Having made these arrangements, he set out for Paris, where he arrived on the 15th of February, 1815, eight years, day for day, after the disappearance of the unfortunate François Picaud. He was then thirty-four years old. Joseph Lucher fell sick the day after he reached Paris, and, as he had no valet or attendants, he ordered himself to be taken to a hospital. He remained sick all the time the Emperor was in Elba, and during the Hundred Days; but when the second restoration seemed to have firmly established the throne of Louis XVIII., he quitted the hospital and went to the quarter Sainte-Opportune. There he learned the following facts:

In 1807, in the month of February, there had been considerable talk about the disappearance of a young shoemaker, a decent fellow, who was going to make a wonderful marriage. A practical joke played by three of his friends destroyed his good fortune, and the poor devil ran away or was carried off. No one knew what had become of him. His intended bride mourned him for two years, then, weary of her tears, married the café-keeper Loupian, who by this marriage increased his resources, and now had on the Boulevard the most splendid and best patronized café in Paris.

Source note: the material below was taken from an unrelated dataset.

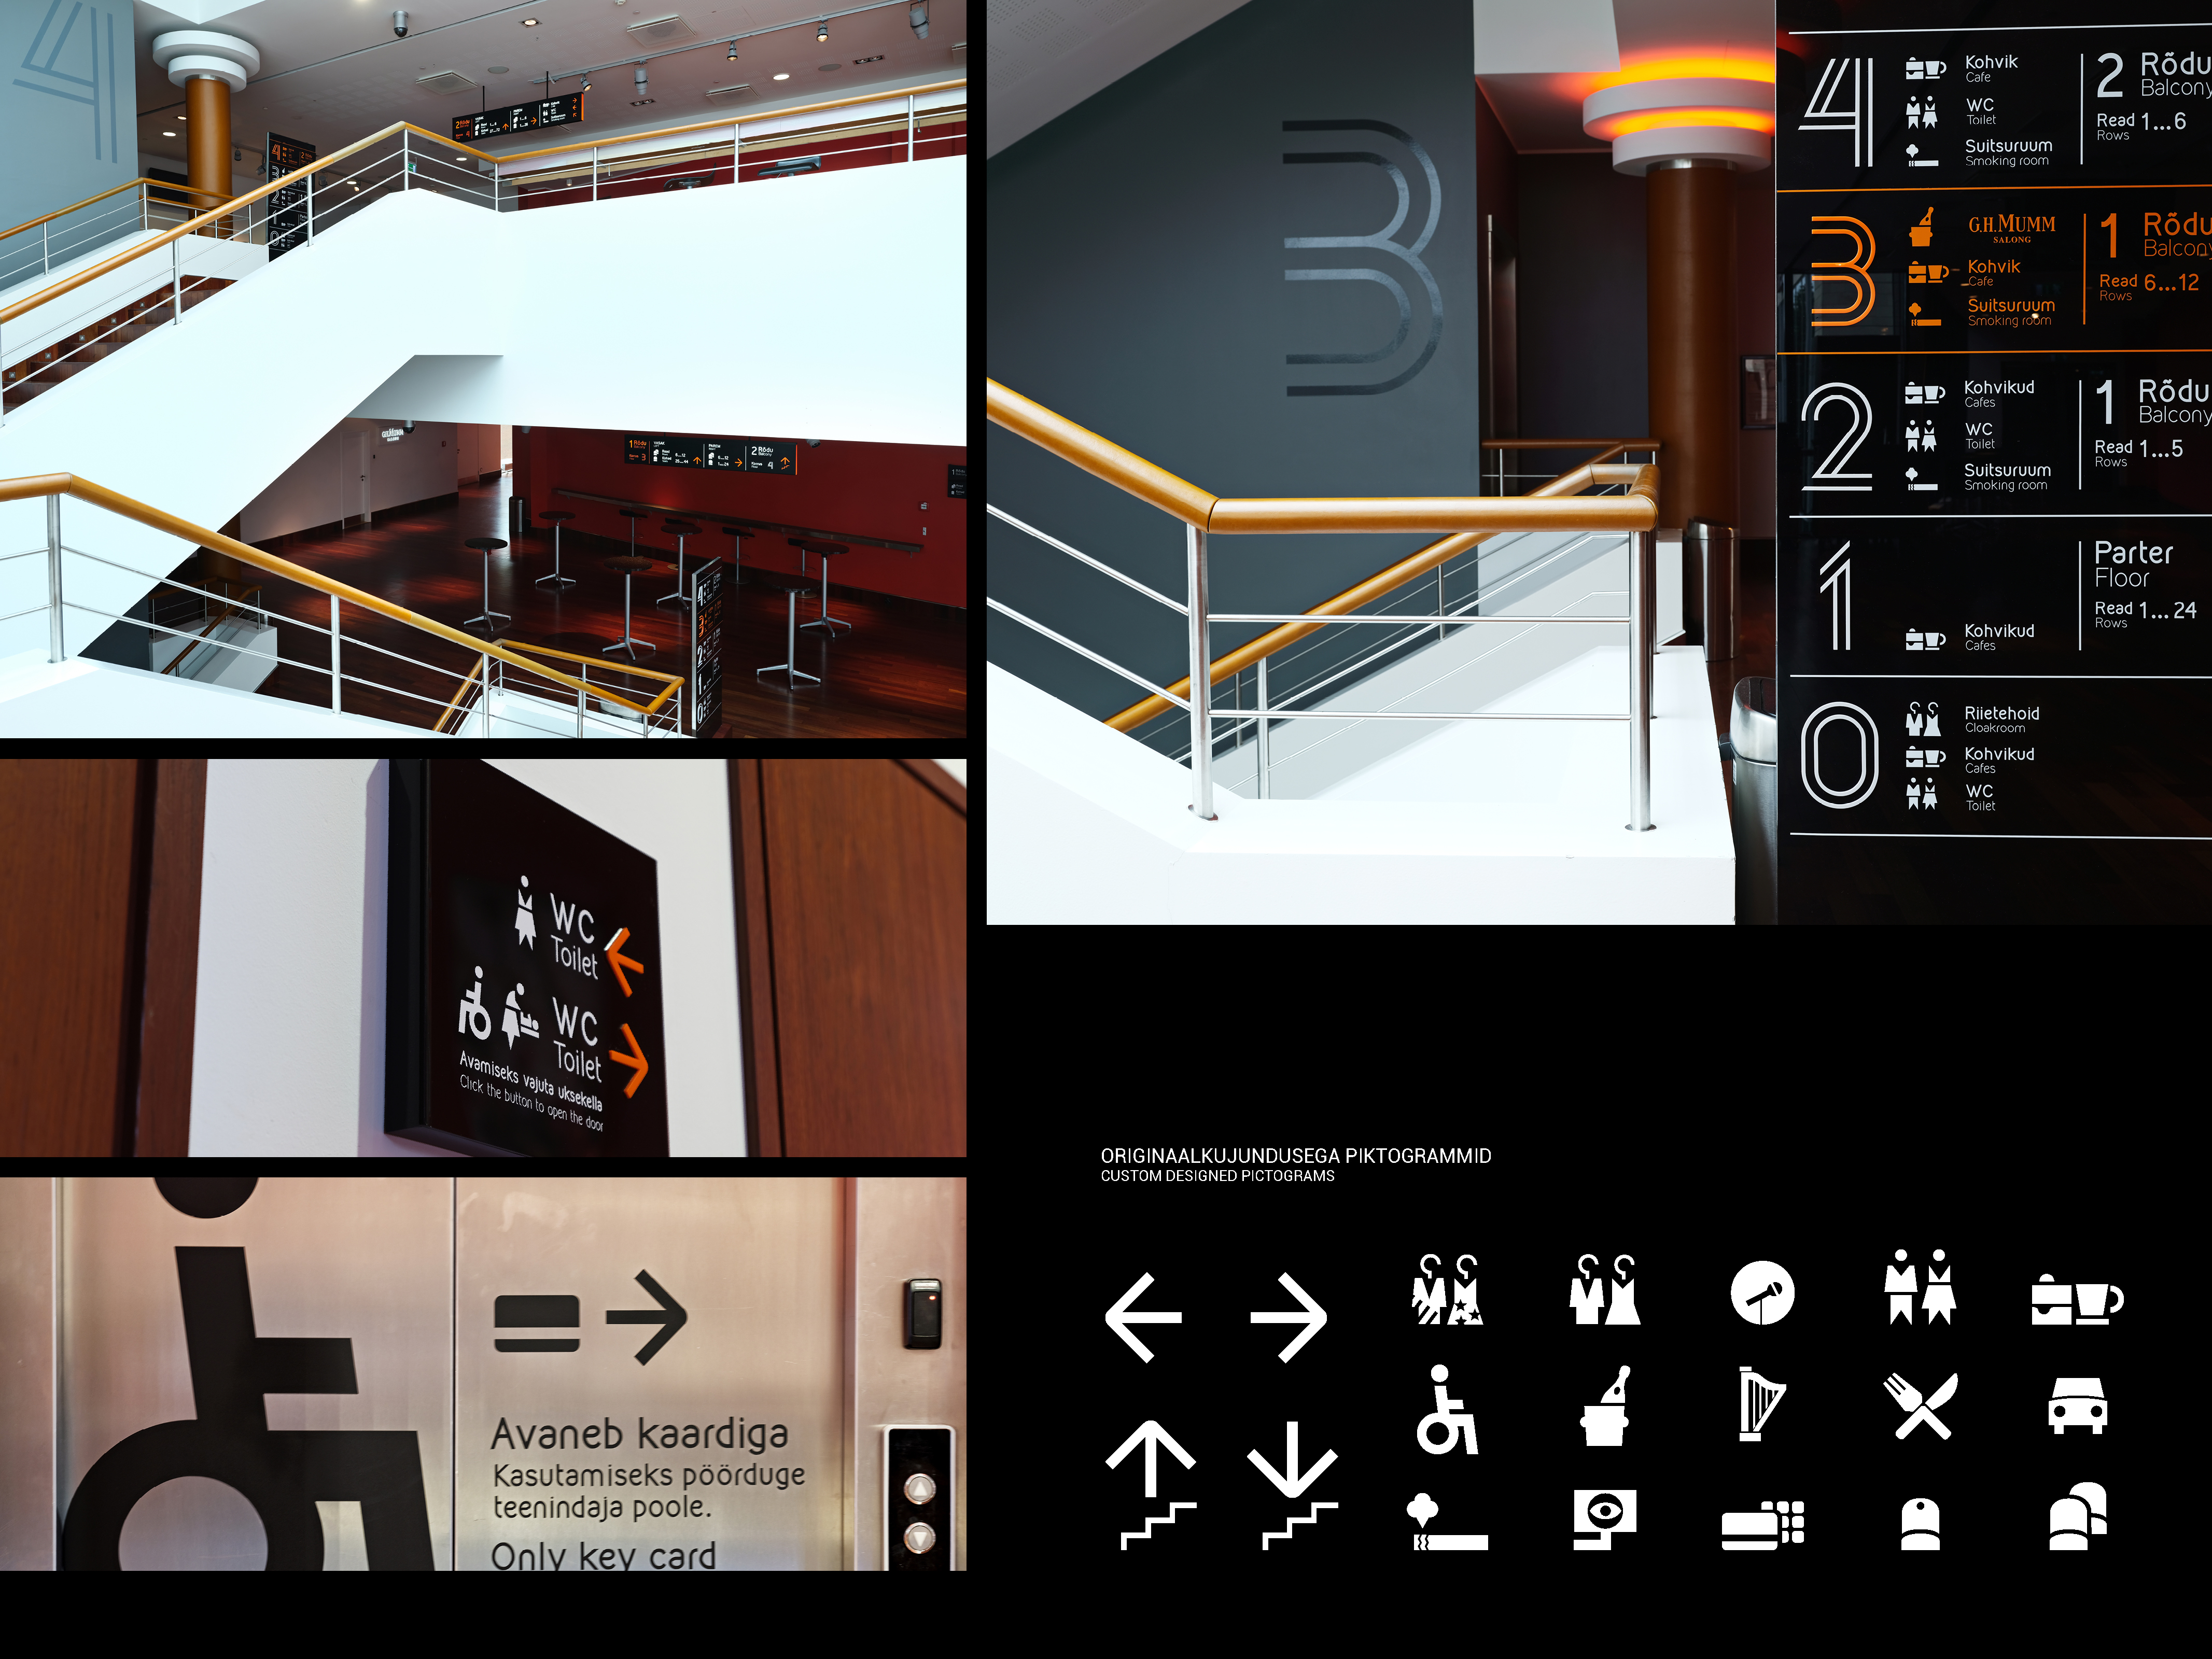 Nordea音乐厅标识系统设计©angels

Joseph Lucher appeared to listen to the story with indifference. But he asked for the names of those whose joke had caused, it was thought, the misfortune of Picaud. These names had been forgotten.

One of those whom the new-comer questioned replied, however, "There is a certain Antoine Allut who said, in my hearing, that he knew those persons."

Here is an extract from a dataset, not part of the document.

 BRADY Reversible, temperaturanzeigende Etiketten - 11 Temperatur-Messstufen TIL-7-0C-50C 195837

"I knew an Allut in Italy; he came from Nîmes."

"This man also comes from Nîmes. The Allut I knew lent me a hundred crowns, and told me to hand them to his cousin Antoine, as far as I remember."

"You can remit the sum to Nîmes, for he has gone back there."

Next day a post-chaise, preceded by a courier who paid thrice the usual rates, flew rather than drove along the Lyons road. From Lyons the carriage followed the Rhône by the Marseilles road, which it left at the bridge of Saint-Esprit. There an Italian abbé alighted for the first time since the journey began.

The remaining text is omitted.